Dos de la tarde: ya no hay boletos para ninguna función en Cinépolis Morelia Centro. Por la mañana, antes de las 7:30, la fila para adquirir boletos era considerable. Los visitantes y habitantes de Morelia ya conocen los alcances de este monstruo y saben que es mejor tener su planificación antes de las 12 del día.

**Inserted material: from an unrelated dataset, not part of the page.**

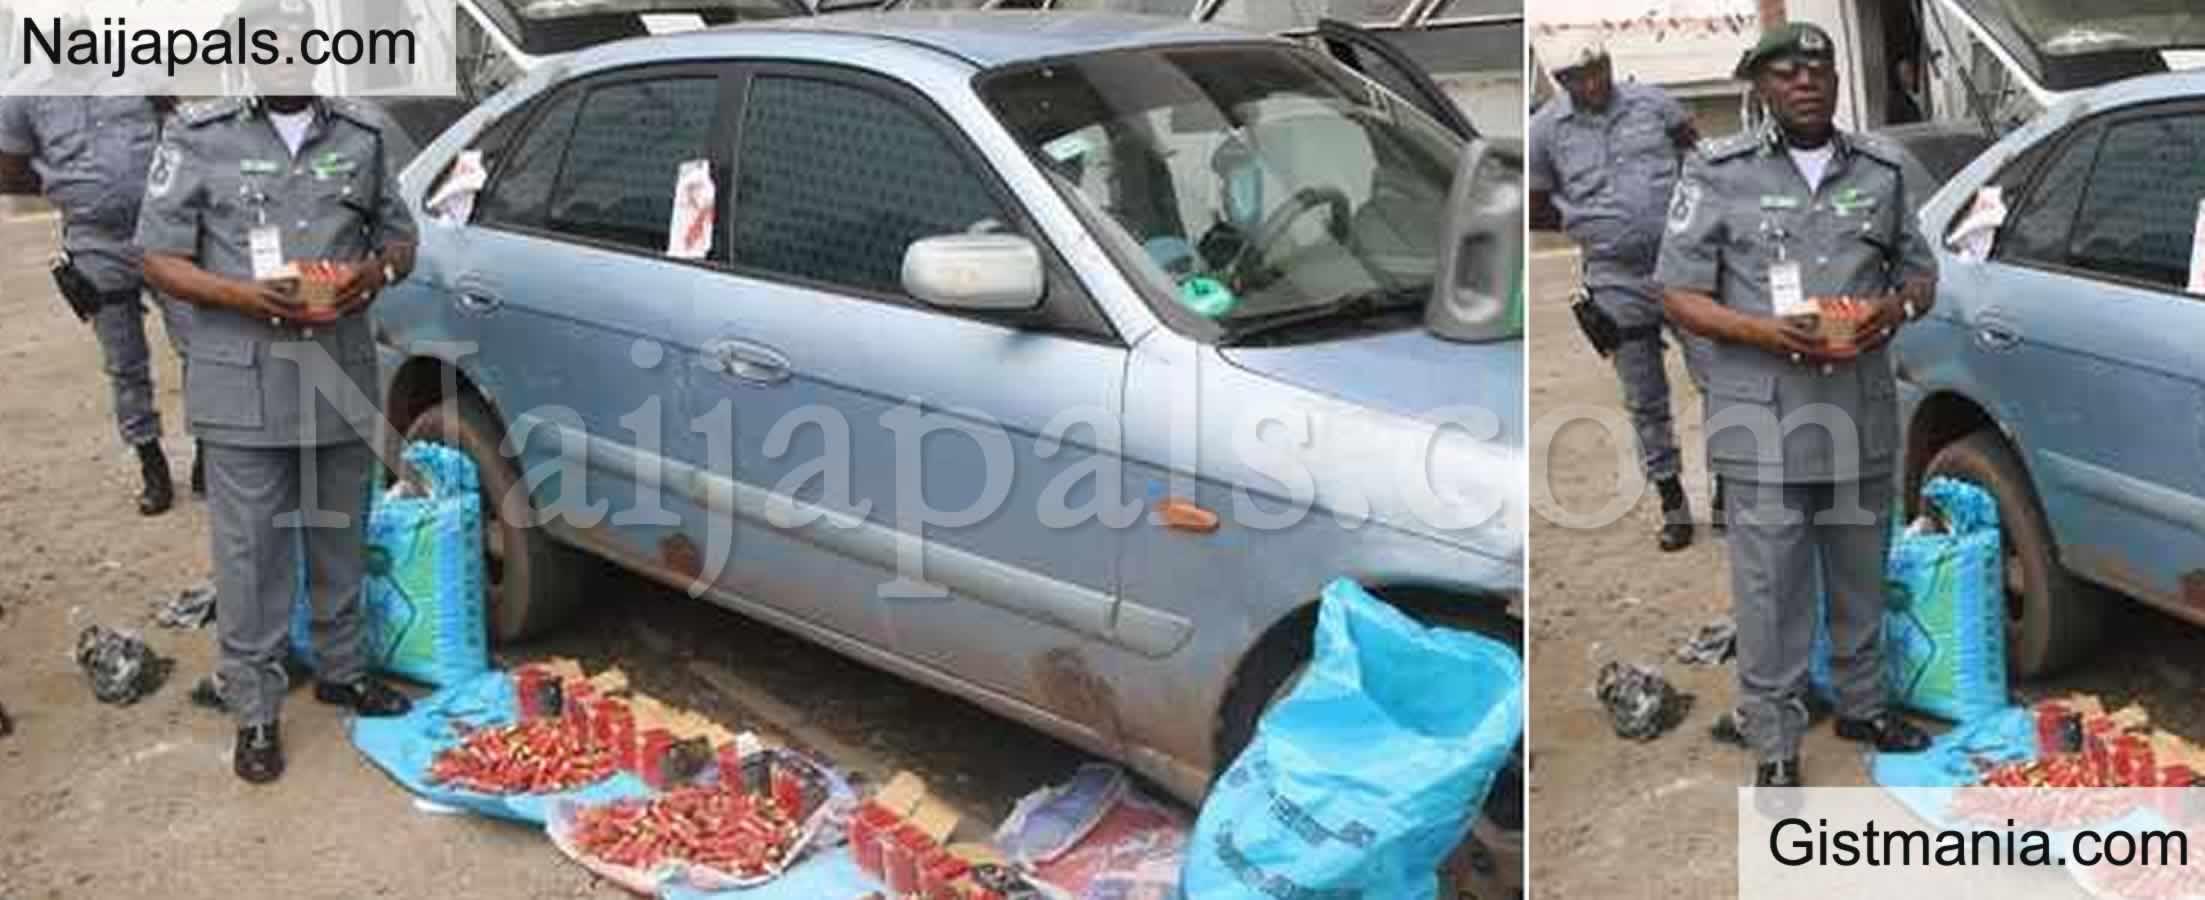 <img alt='.' class='lazyload' data-src='https://img.gistmania.com/emot/news.gif' /> <b>Nigerian Customs Intercepts Loads of Live Cartridges Concealed In Sacks Of Garri</b> (Photos)

La primera en agotarse: Loveless, de Andrey Zvyagintsev, uno de los highliners del festival al ser una de las grandes favoritas a la Palma de Oro en Cannes de este año. En su lugar, Rostros y lugares, la más reciente película de Agnes Varda, reclamó un buen número de espectadores. El FICM iniciaba sus actividades con la presentación del primer largometraje de ficción en competencia: Casa Caracol de Jean-Marc Rousseau, que dejó un agridulce sabor de boca.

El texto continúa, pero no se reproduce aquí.